Recently, the High Court ruled that the government’s Data Retention and Investigatory Powers Act (DRIPA) is unlawful and incompatible with European Union law. Under Article 8 of the European Convention on Human Rights (ECHR), everyone has the basic right to privacy. This ruling is a significant milestone for the ongoing campaign to protect people’s right to privacy, especially when working and communicating online.
DRIPA gave the government and other public authorities the power to retain data longer than would be naturally necessary. It established provisions allowing the same authorities to intercept and collect data without justifying their reasoning to anyone other than themselves. Typically, a company would retain data for as long as commercially necessary, once the data was no longer needed, it would be deleted. The Act required that service providers should retain data longer than this period. Groups such as Liberty and JUSTICE have openly and aggressively criticised the Act on the basis that it infringes the right to privacy.
The High Court declared the Act’s incompatibility on the grounds that sections 1 and 2 of the Act “do not provide clear and precise rules to ensure data is only accessed for the purpose of preventing and detecting serious criminal offences” and that access to the data, under the Act, was “not authorised by a court or other independent body”. The declaration illustrates that the right to privacy is something that should be protected, rather than eroded and the Court’s decision ensures those with power remain accountable and don’t act beyond the scope of their powers.
So, what’s DRIPA’s fate? Interestingly, when a court issues a declaration of incompatibility on the basis of a breach of the ECHR, section 4(6)(a) of the Human Rights Act 1998 provides that the original Act isn’t rendered void. The Act remains in force and will remain so until the government amends it in order to ensure that it complies with the ECHR. It will be interesting to see what, if any, amendments are made by the government to ensure that DRIPA conforms to the requirements of the ECHR.
There is a wealth of other bills going through Parliament that purport to collect data because they are necessary for the protection of national security.

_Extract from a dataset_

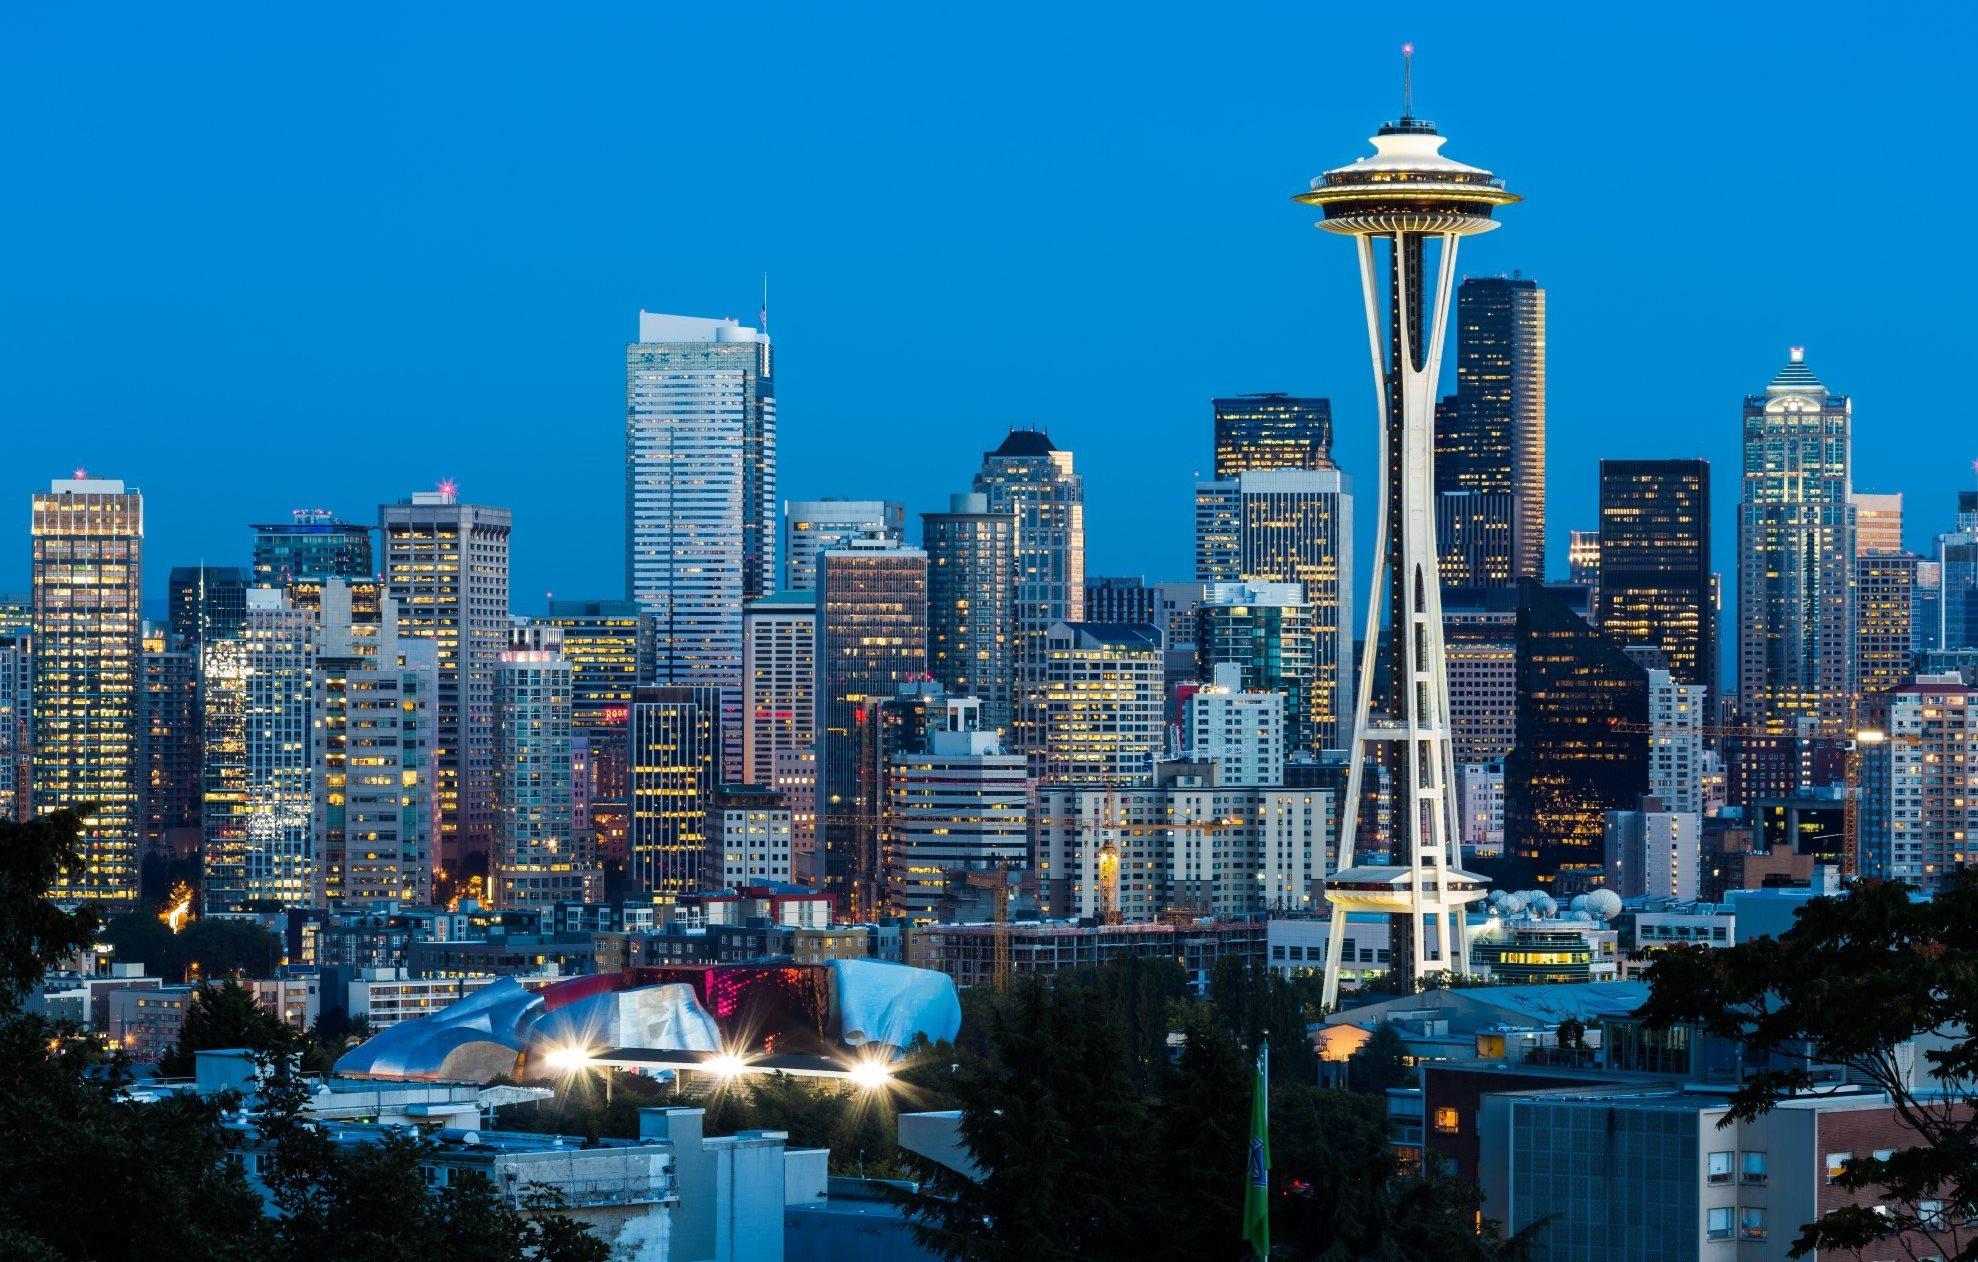 City Skyline View of Downtown Seattle, Washington

They too are controversial because a balance needs to be struck between the protection of national security and the protection of the fundamental and basic right to privacy. Nick Clegg said that whilst politicians appear to champion the freedom of speech, they advocate “a huge encroachment on the freedom of all British citizens”.
The ruling of the High Court illustrates that the issue of retaining the right to privacy online is an important and topical issue and mustn't be arbitrarily undermined. As a marketing agency working with large companies who collect significant amounts of customer data we need to be aware of any changes in this area. Likewise, as we are challenged to cut through the noise to find more ways to personally engage with people, we will certainly be watching to see what happens next!